THE hours of school staff who work with pupils with additional eneds in Caithness and Sutherland are being "reduced drastically" by Highland Council.  That is the claim  made this week by a worried parent in Thurso.   The GMB union has also expressed its concern about what is happening and is meeting with the council next week.

A COFFEE morning is being held in support of Wick Boys Brigade, tomorrow, as part of a drive to revive the presence of the organisation in the town.  Wick man Robert Ferguson has taken on the task of setting the group up again, knowing the good it can do for young men, having himself been involved in it for many years.   He has a group of 10 volunteers to take on the challenge and once the necessary paperwork is in place, he hopes a unit could be up and running by the end of the year.

ALEX Salmond said a far north councillor should "go and do her homework" after she criticised his plan to pour millions of Crown Estate seabed leasing revenues into the coffers of the islands.  The First Minister accused Deidre Mackay of sour grapes after she called for the same enviable package to be handed to Caithness and Sutherland.

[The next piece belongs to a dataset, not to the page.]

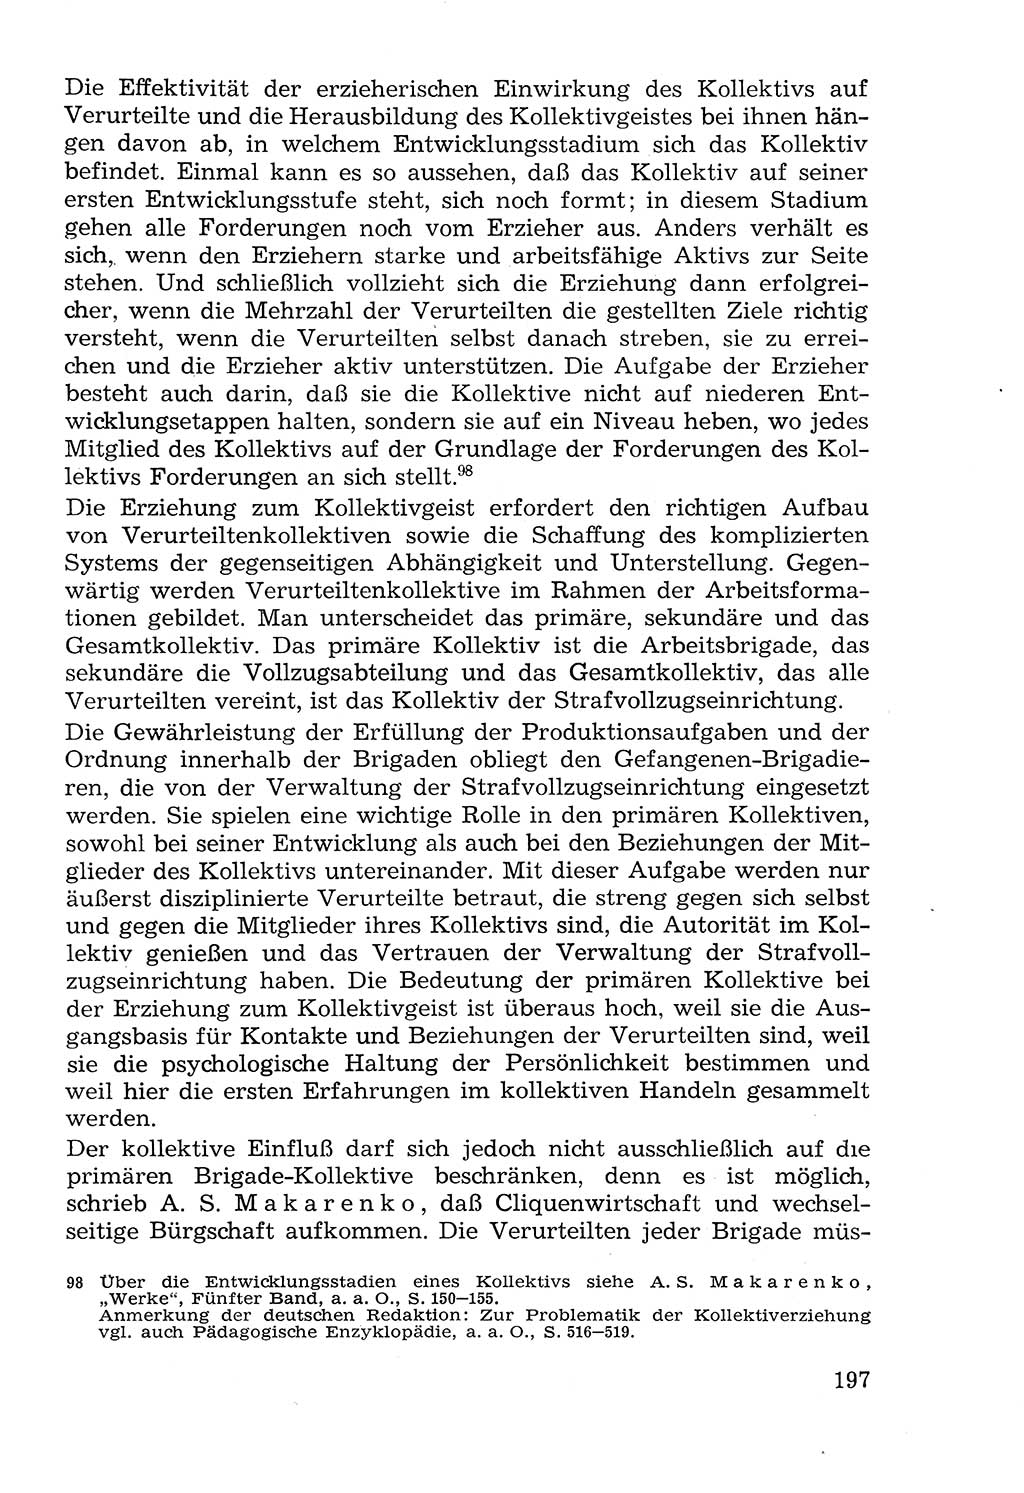 Lehrbuch der Strafvollzugspädagogik [Deutsche Demokratische Republik (DDR)] 1969, Seite 197 (Lb. SV-Pd. DDR 1969, S. 197)

A YOUNG Halkirk woman has landed a part in a new television soap in south-east Asia. Karyn Johnston who has lived in the Phillipines for almost two years , has been making a name for herself there.  She secured modelling assignments, appeared in television commercials and was chose to feature in a national newspaper and TV campaign for a soap product.  Now she has landed a role in a television drama.

THE Ministry of Defence has to be "open and transparent" when dealing with issues such as the radioactive incident at Vulcan, two years ago.  That was said this week by Scottish Environment Secretary Richard Lochhead after high-level talks with UK Defence Minister Philip Dunne MP and Baroness Verma, a minister at the Department of Energy and Climate Change.  Afterwards, Mr Lochhead said Scottish and UK government officials will review the way these matters are reported.

CAITHNESS Rural Transport is celebrating the unveiling of a new passenger carrier to use on its valued community service.  The project has benefited from the Scottish Government's £1 million Ccommunity Transport Fund, to purchase a new vehicle.  They were one of just nine groups across Scotland to receive funding out of 39 applicants.

A HALKIRK horsewoman is celebrating winning one of the biggest prizes in her long list of successes.  Ashley Anderson has just returned from the Royal Highland Show at Ingliston, near Edinburgh, where she won the in-hand colour horses championship, with her pony Freckleton First Class.

PENTLAND United prepared for their biggest game of the season this weekend by reaching the semi-finals of the Eain Mackintosh Cup with a 3-0 victory against Swifts at Ham Park.  A goal from Lukasz Geruzel and two from James Murray sent the Stabs into the last four but they were made to work hard by a Swifts outfit which looks to be fighting against relegation from the top flight.

----------